In the beginning, I read because I had to figure out what those two crazy kids, Dick and Jane, were up to with their dog named Spot.
Then I read because the words were everywhere: cereal boxes, road signs, billboards, newspapers, and the instructions on the back of the Jiffy Pop popcorn. The words were every place I looked. And I could READ them. It may have been the magic of ordinary things, but it was magic.
After that, I realized that the Reader’s Digest people had filled our house with edited, condensed volumes of . . . well, everything from Michener to Buck. Those books were condensed—like soup—just add reading, so I did.
For a long time, I read to escape. Enough said.
For an even longer time after that, I kept right on reading because 1) it was one of the things I could do while I breastfed 2) it was cheaper than jet skiing 3) and it kept my mind from atrophying into tapioca.

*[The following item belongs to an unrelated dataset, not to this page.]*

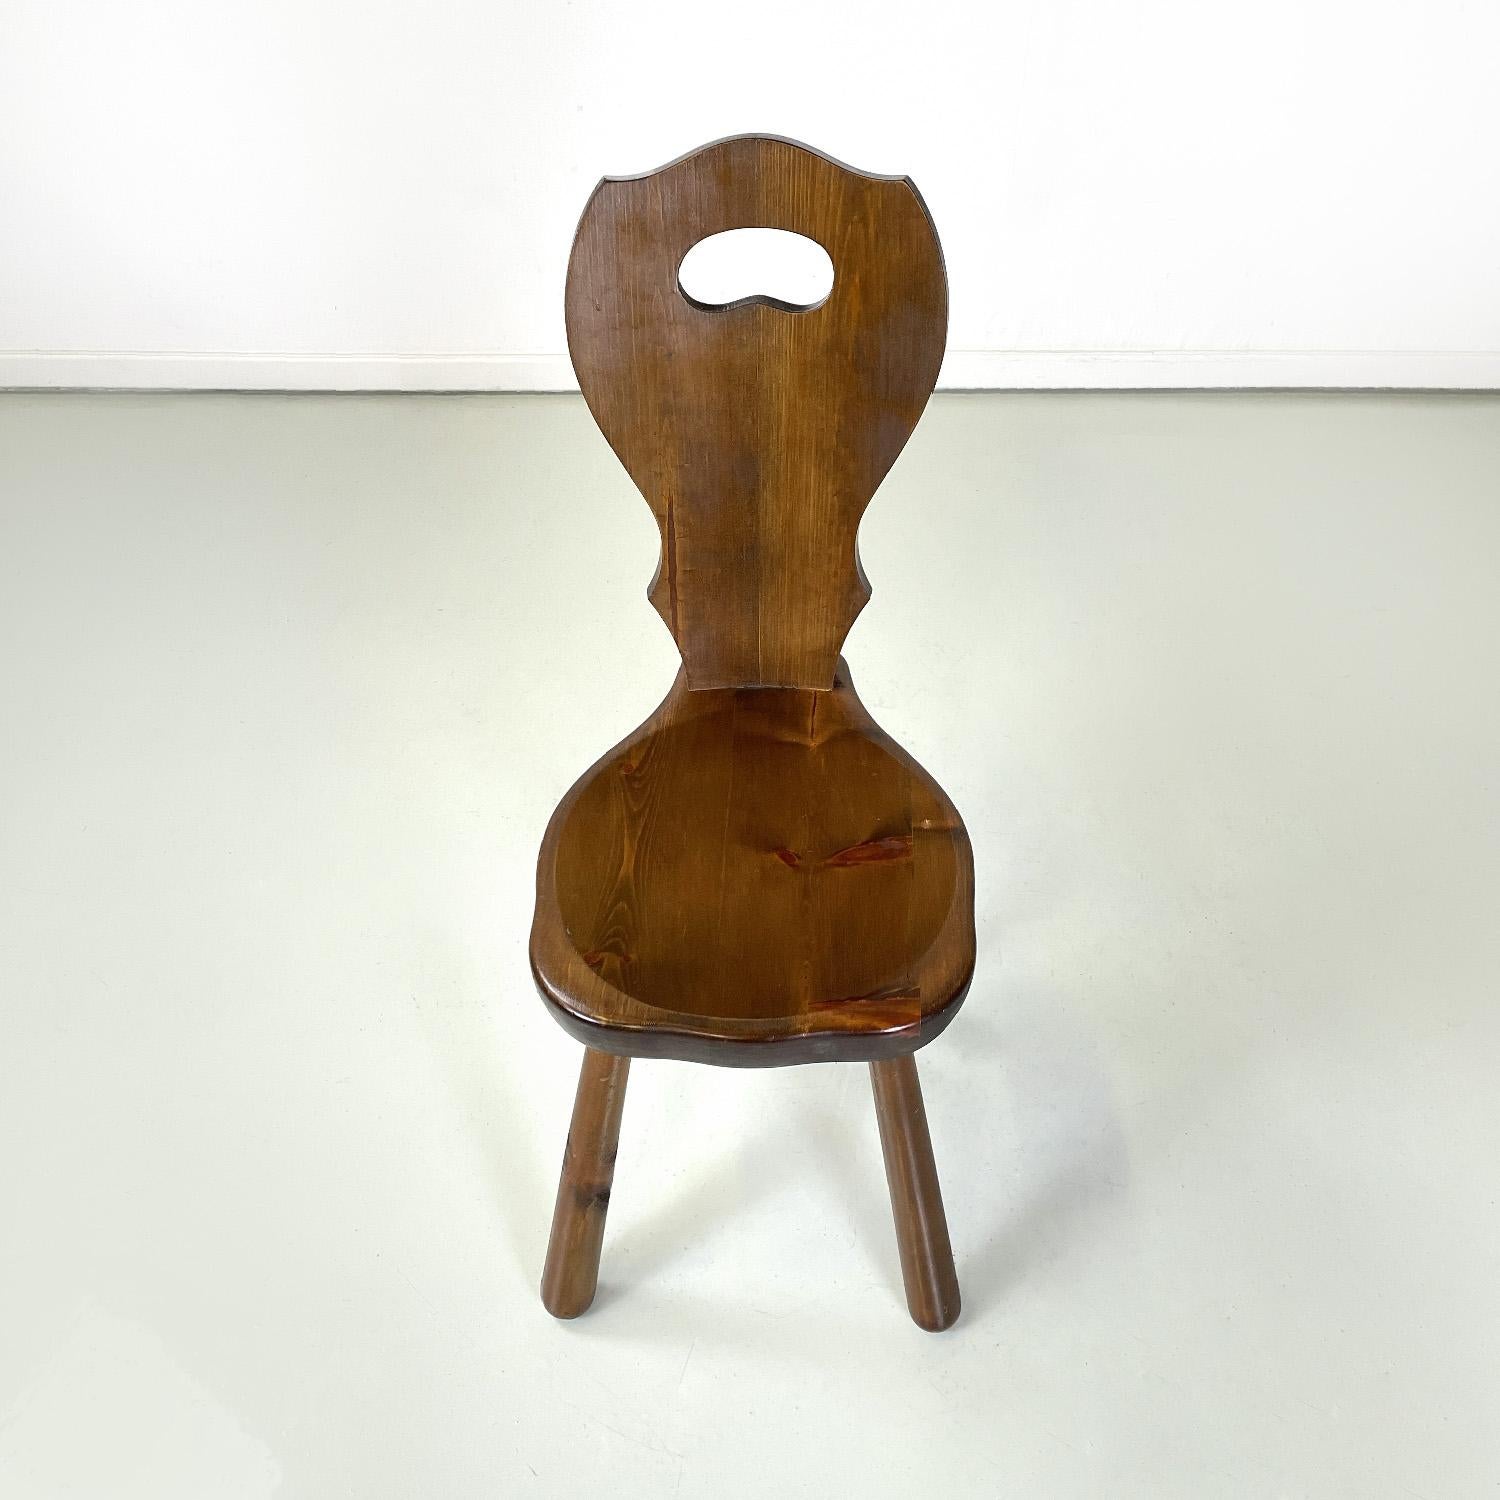 Italian Art Deco wooden chair with rounded profiles, 1940s For Sale 1

In the time that followed, reading became a habit that enlarged my soul, filled my mind, dazzled my dreams, and acquainted me with the world as it might be, could be, should be, would never be, but wouldn’t it be cool if it was—in a sparkle unicorn kind of way? I kept right on reading, until I ran out of the kind of books that I thrilled to read.
Now I read to know what to write, always keeping in mind all the lonely little girls out there, in the dark places, who turn to books for comfort and company and who want to figure out what silliness Dick and Jane and their dog named Spot are going to get into next.